Industry mentorship in EMC doctoral trainingsecondary
2 projects

Consecutive participation in MSCA-ITN networks — a scheme where industry co-supervises PhD candidates and co-defines industrial research problems — signals recognized standing as an EMC industry educator.

Evolution & trajectory

How they've shifted over time

Early focus
EMC for smart cities
Recent focus
EMI in power electronics

Lambda Engineering's two H2020 projects launched in consecutive years (2018 and 2019), both under MSCA-ITN and both anchored to the keyword "interference," which makes within-portfolio evolution difficult to detect at a technical level. What can be observed is a broadening of application context: SCENT situates EMC within smart city infrastructure (urban wireless, sensors, public electronics), while ETOPIA shifts the frame toward power electronics and energy conversion systems. This progression suggests Lambda is expanding its domain reach from general EMC practice toward power-domain EMI — a field growing rapidly with electrification of transport and proliferation of high-frequency inverters.

Lambda Engineering appears to be moving from general EMC engineering toward specialized EMI analysis in power electronics — a direction that aligns with surging demand from EV charging, renewable energy inverters, and industrial motor drives.

Collaboration profile

How they like to work

Role: specialist_contributorReach: European7 countries collaborated

Lambda Engineering participates exclusively as a partner or third party — never as a coordinator — which is typical of specialist industry SMEs that contribute domain expertise rather than manage research programs. Their involvement in two successive large MSCA-ITN consortia (24 total partners across 7 countries) shows comfort operating within broad, multi-national academic-industry networks. This pattern marks them as a reliable specialist contributor: organizations that join training consortia to mentor PhD researchers and ground academic problems in industrial reality, rather than to set the research agenda.

Lambda Engineering has worked with 24 unique consortium partners spanning 7 countries, entirely through MSCA-ITN training networks. Their network is European in scope and predominantly academic, concentrated within the EMC and power electronics research community.

Why partner with them

What sets them apart

Lambda Engineering occupies a narrow but high-value niche: an industrial EMC SME that consistently contributes to European PhD training ecosystems in a field where few private companies engage at this level.

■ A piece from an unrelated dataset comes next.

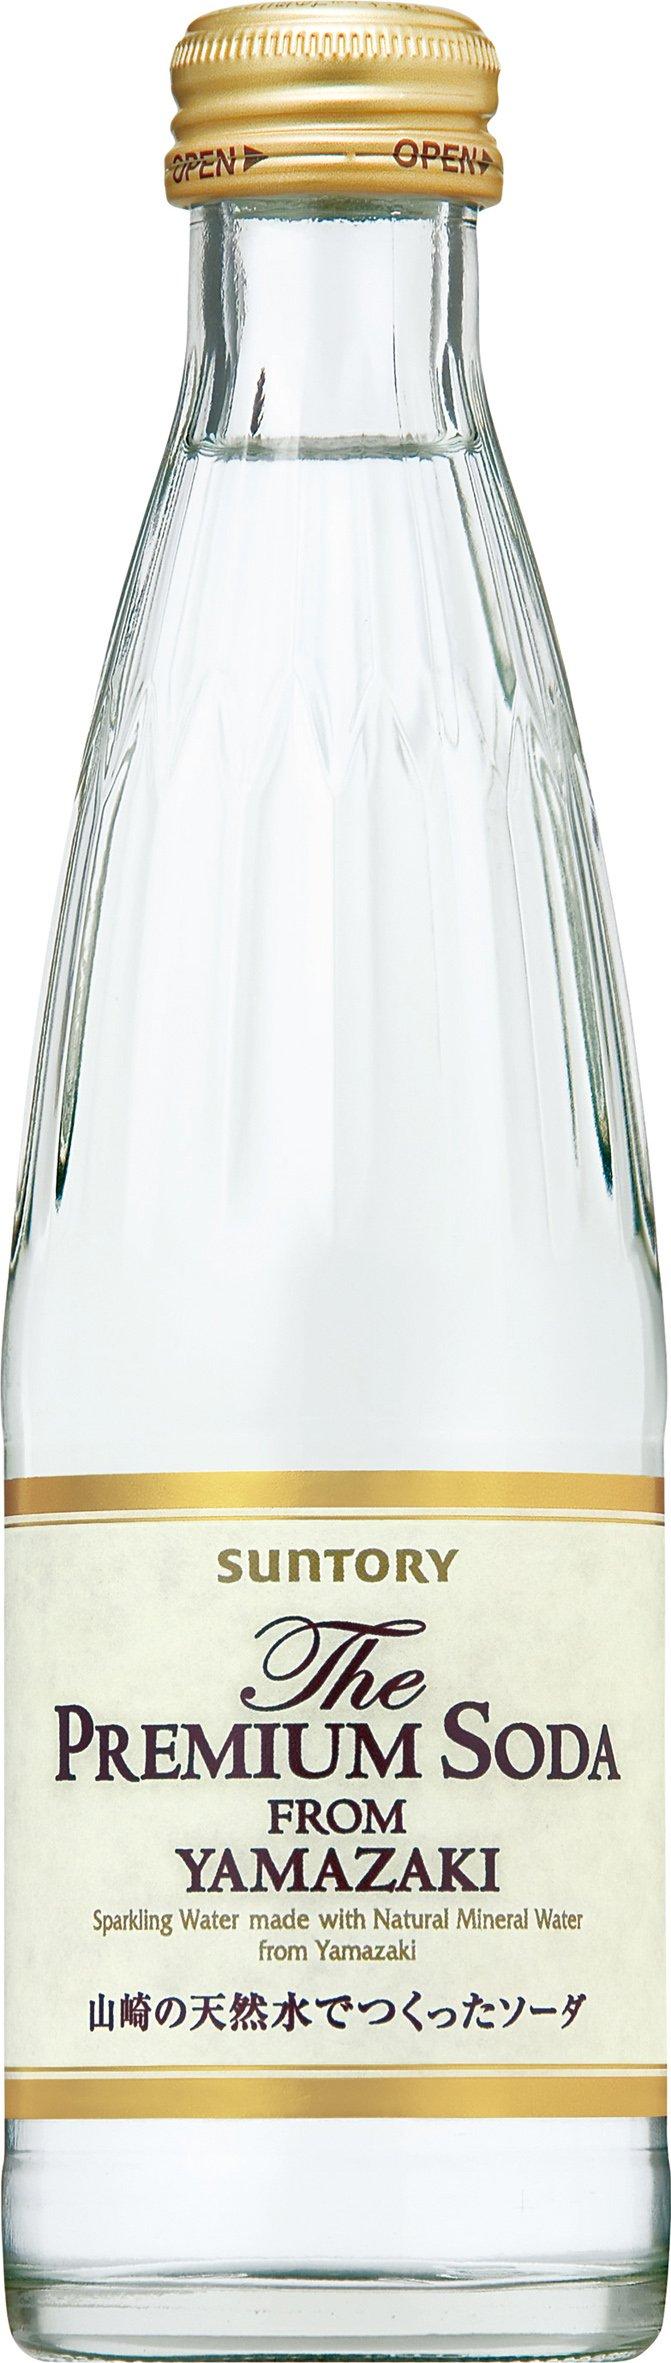 Suntory The Premium soda from YAMAZAKI 240ml ~ 24 this

Two consecutive MSCA-ITN participations in the same technical domain signal recognized credibility within the European EMC research community — not a one-off involvement. For a consortium building an EMC, power electronics, or smart city training network, Lambda Engineering offers exactly the industrial grounding that universities and research institutes cannot provide on their own.

Notable projects

Highlights from their portfolio

  • ETOPIA
    Targets innovative EMI analysis methods for power electronics applications — a technically demanding intersection that positions Lambda at the crossroads of electromagnetic engineering and the fast-growing electrification sector.
  • SCENT
    Applied EMC expertise to smart city infrastructure, bridging urban wireless communications, IoT sensing, and interference management in a multi-country doctoral training network.
Cross-sector capabilities
Power electronics and electrification (EV, renewable energy inverters)Smart city and IoT device electromagnetic complianceIndustrial automation and embedded systems EMCWireless communications and spectrum coexistence
Analysis note: Only 2 projects, both in the same MSCA-ITN scheme and technical domain, with no EC funding figures and a narrow start-date window (2018–2019). The profile is internally consistent — EMC/EMI expertise is clearly the core — but the dataset is too thin to draw confident conclusions about the organization's full commercial scope, client base, testing capabilities, or positioning beyond PhD training network participation.